What is required:
Take the lines below beginning at the line that has "Segno kiosk in" and stopping after the line that has "Aposentos reales. En", and print them exactly as they are, with no other lines.

Materials provided:
☆ ☆ ☆ ☆

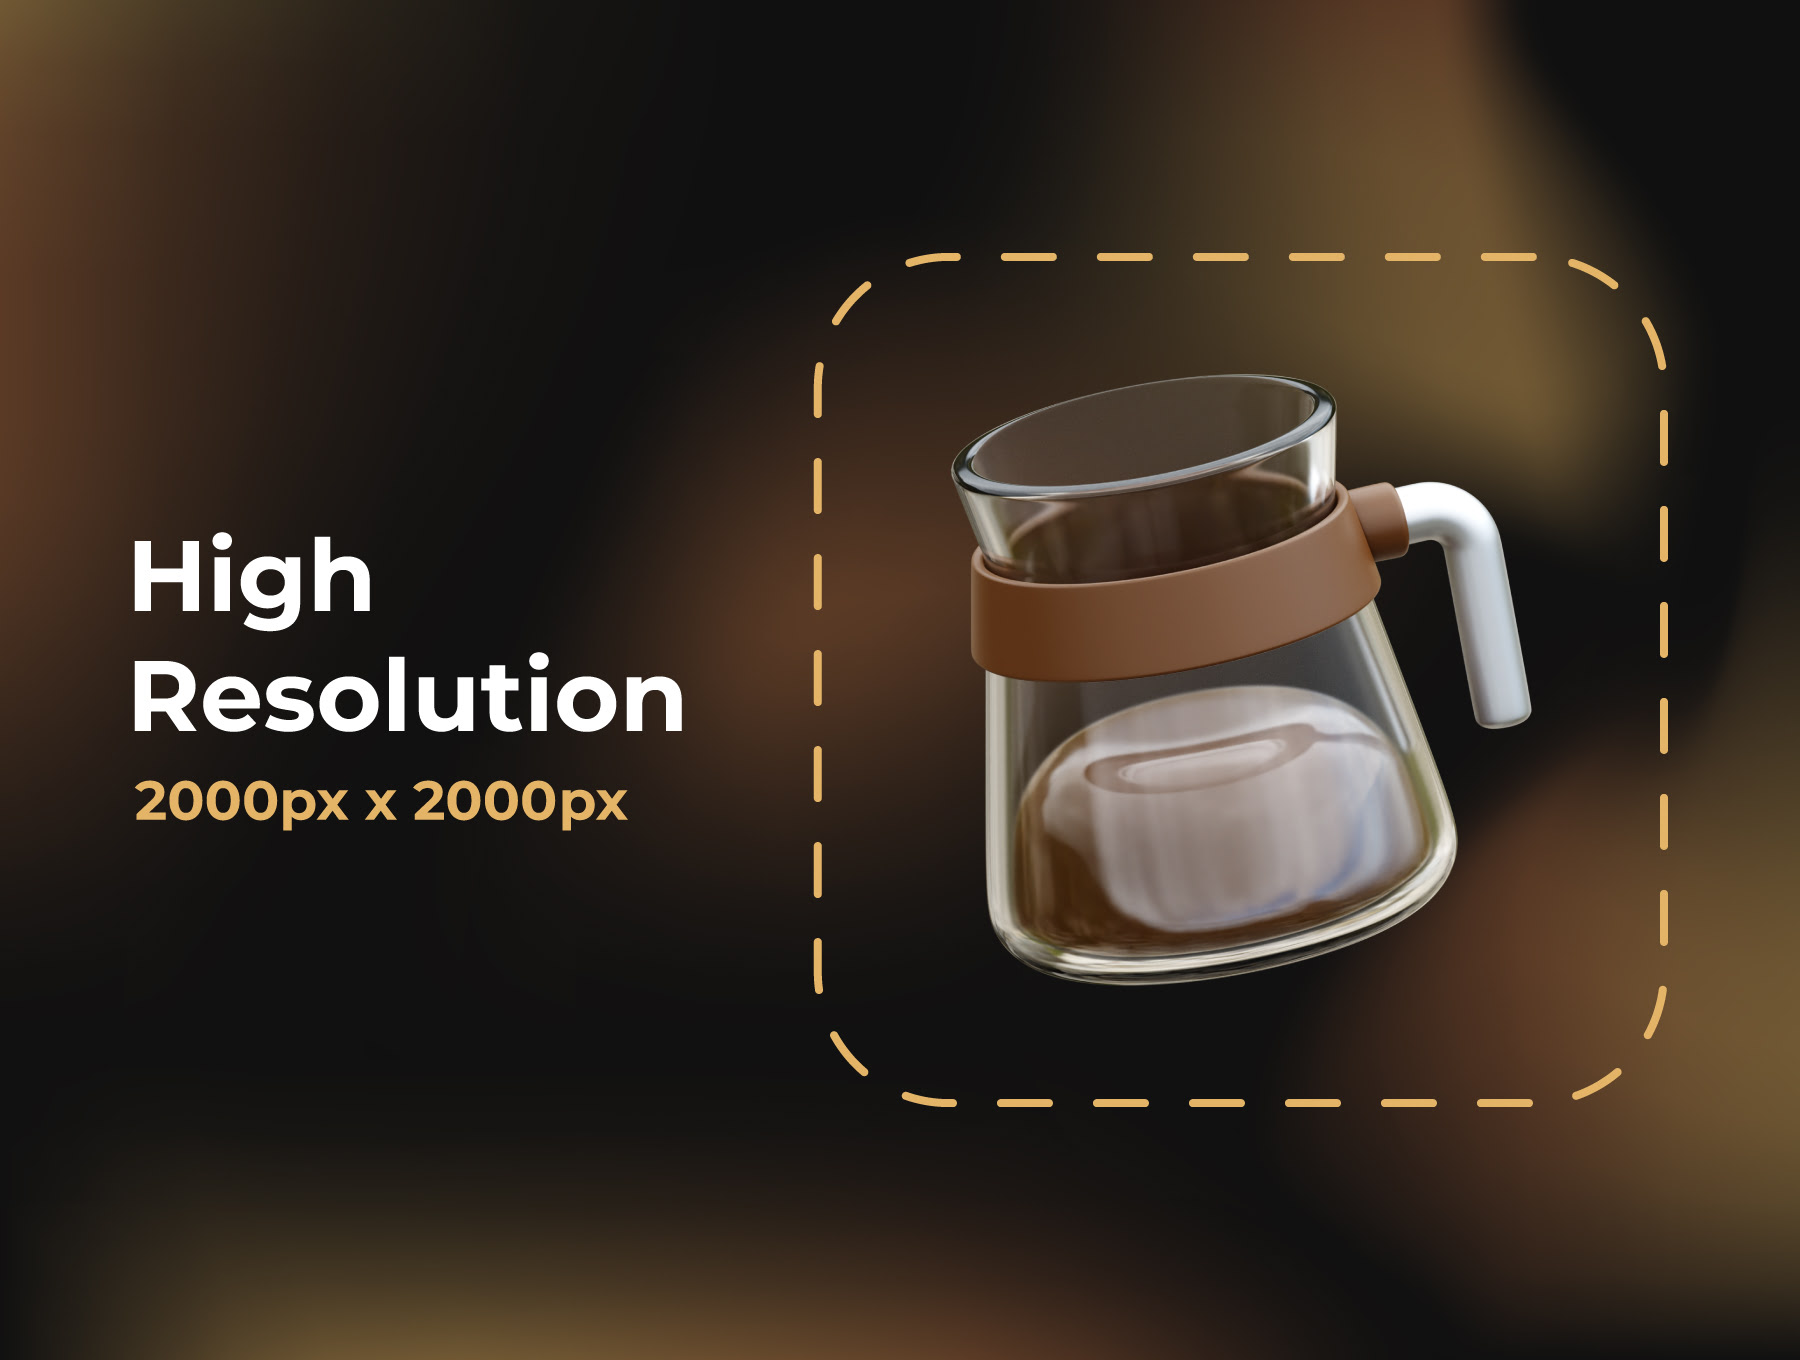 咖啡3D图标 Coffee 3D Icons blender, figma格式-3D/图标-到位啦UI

☆ ☆ ☆ ☆

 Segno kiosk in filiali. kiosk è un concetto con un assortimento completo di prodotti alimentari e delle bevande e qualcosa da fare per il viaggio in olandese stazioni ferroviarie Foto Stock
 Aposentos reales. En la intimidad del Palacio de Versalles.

☆ ☆ ☆ ☆

Solution for this exercise:
 Segno kiosk in filiali. kiosk è un concetto con un assortimento completo di prodotti alimentari e delle bevande e qualcosa da fare per il viaggio in olandese stazioni ferroviarie Foto Stock
 Aposentos reales. En la intimidad del Palacio de Versalles.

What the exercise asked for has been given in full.